Even though Eulerian video magnification algorithm does not provide superior performance in terms of computational speed compared to the proposed method in25, it has been proven to be a very robust algorithm for revealing subtle changes in both color and motion deformations that fall outside human visual limits. Limitations with regards to video quality metrics, including noise level, video quality and long execution time that are associated with the existing video magnification techniques (such as Eulerian video magnification, phase-based video magnification, Riesz pyramid for fast phase-based video magnification and enhanced Eulerian video magnification) need to be taken into consideration.

The conclusions drawn on the statistics of the ESD function of the largest eigenvalues of normalized spatio-temporal color tensor expression profile, and their tails, were build upon modeling this process as a covariance matrix model in RMT. Even though we observed that in a majority of cases in group C, the tails of these ESD functions decay with a power law exponent mimicking systems exhibiting SOC, while those of group DM follow Tracy–Widom statistics, a natural question of great importance is whether the Information-plus-noise model would be a better choice, which could lead to a concise universal results on the statistics of the tails and their decay rate. It should be also noted that sharp edges in the bulk of these ESD functions were not observed. Another important aspect is the study of subspace stability spanned by the eigenvectors associated with the largest eigenvalues. Following the subspace spanned by these eigenvectors, one expects that the top eigenvector wobble around the true direction either due to the measurement noise or due to the presence of a systematic rotation caused by a hidden mechanism. Having said that, our hypothesis is that there should be a genuine motion of the largest eigenvector in time towards the uniform vector among subjects belonging to group C and away from the uniform vector over time among subjects of group DM. Studying the statistics of the largest eigenvectors and the stability of their corresponding spanned subspace is part of our future work. Our goal is not only to distinguish patients diagnosed with DN-related complications from a control group, but to map the journey, find transition points from mild to severe complications throughout this journey and to stage the disease, by studying different aspects of these eigenvectors.

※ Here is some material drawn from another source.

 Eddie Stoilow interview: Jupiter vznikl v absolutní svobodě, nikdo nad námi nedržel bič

As part of our future work, we intend to investigate the performance of nested optimization-based algorithms that concurrently tune and find learner’s hyperparameters and the optimal weights, to combine the ensembles of learners on a larger population sample size. The apparent shortcoming of this study is the small sample size and ambiguities around calculation of the power of the study. However, it is worth noting that: (1) in order to make a priori power analysis, we would need to have an idea of what the size of the effect will be, and the variance of the variable of interest. Since this is a proof-of-concept study, no reliable estimation was available. (2) Intensity maps presented in Fig. 5 show that the mean of intensity difference among subjects of group DM is approximately 22 times larger than that of group C, which suggests that these two groups are indeed different. Therefore, this result is deemed as statistically meaningful despite study’s small sample size.

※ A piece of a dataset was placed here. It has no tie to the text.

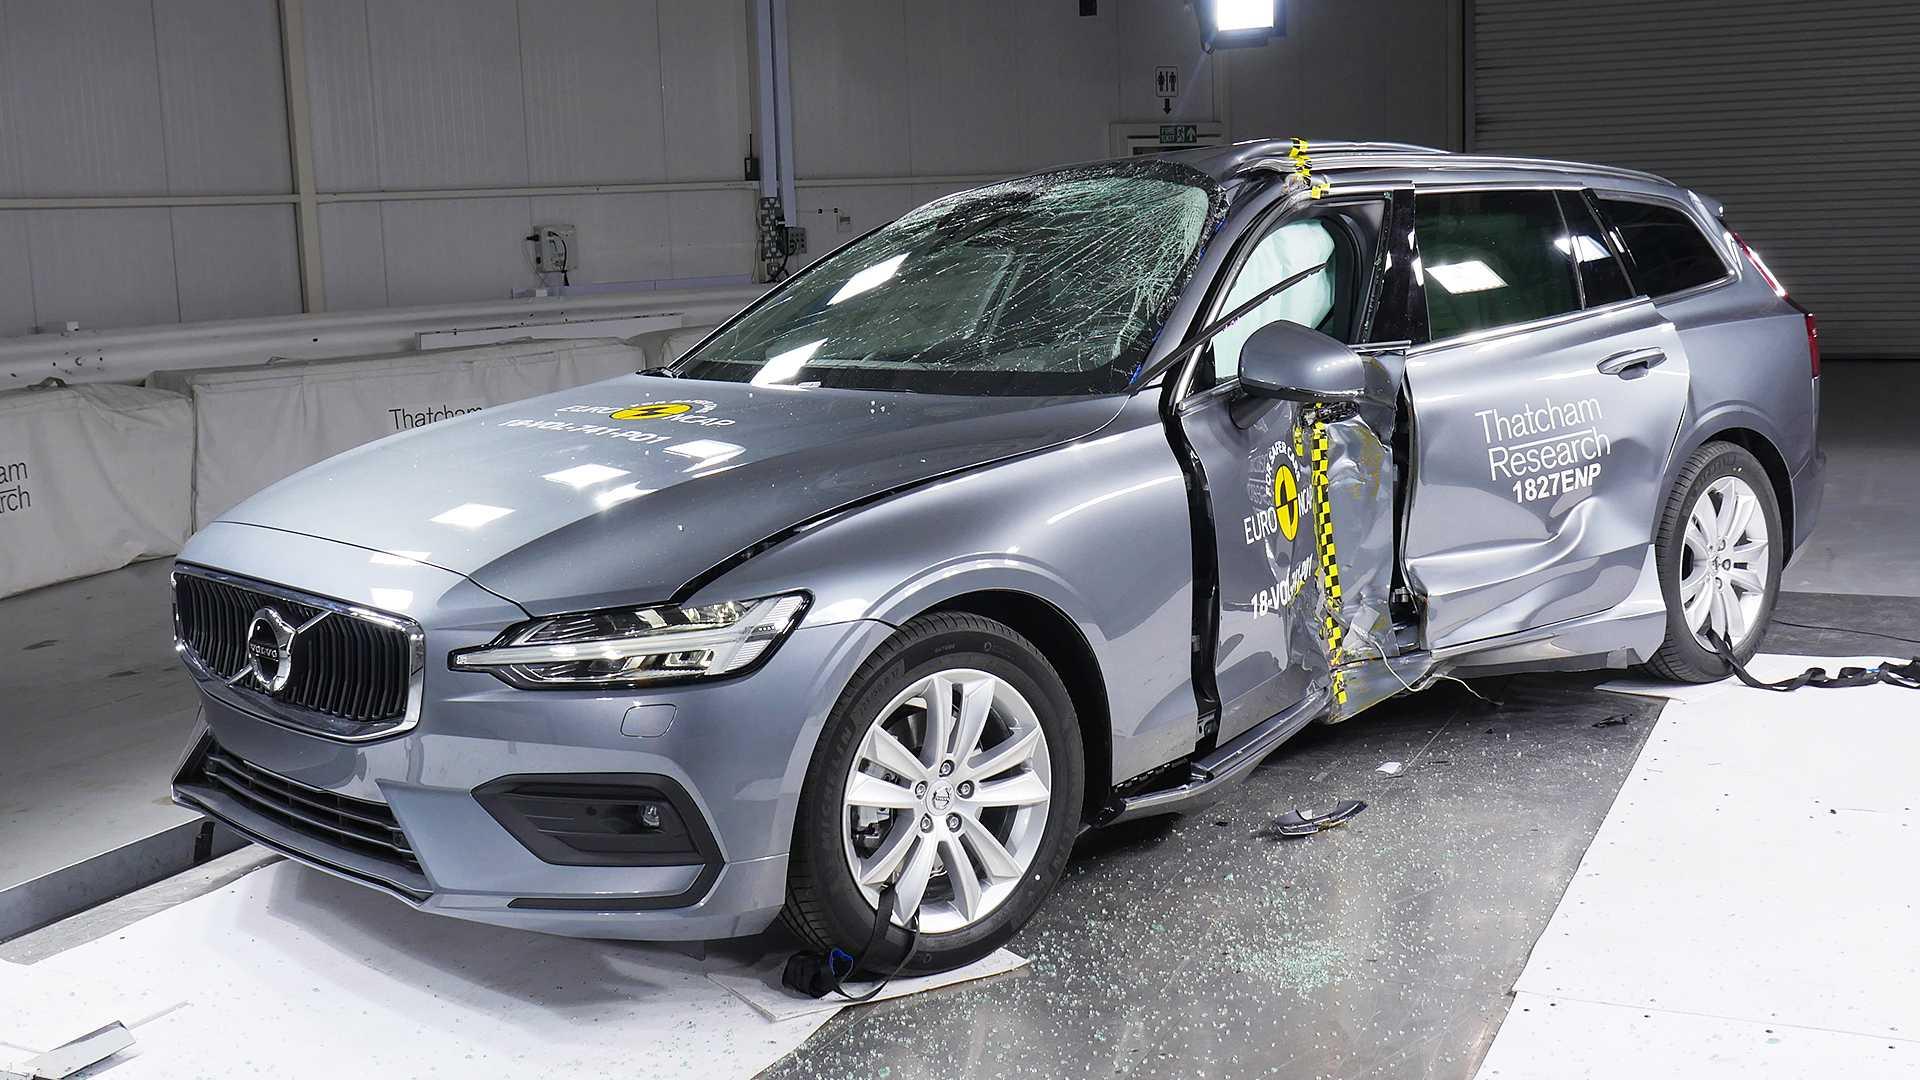 Audi Q3, Jaguar I-PACE, Peugeot 508, Volvo V60/S60, BMW X5, Hyundai Santa Fe, Jeep Wrangler, Fiat Panda 2018 Euro NCAP

Even though our ensemble learning classification technique based on COWE reached a sensitivity of 100% in detecting subjects diagnosed with DN after integrating only 4 video segments (each segment approximately two min long), we believe that recent techniques such as Cross-validated Optimal Weighted Ensemble with Internally Tuned Hyperparameters (COWE-ITH) could outperform our algorithm in terms of required number of video segments. In addition, there is a strong evidence that fusion of information obtained by investigating both variations in skin color and deformations in subject’s iris and pupil movements will outperform the outcome of each individual observation. This paves the road towards the design and development of an inexpensive home-based contact-less, non-invasive diagnostic POCD for early detection of diabetic neuropathy and its associated complications.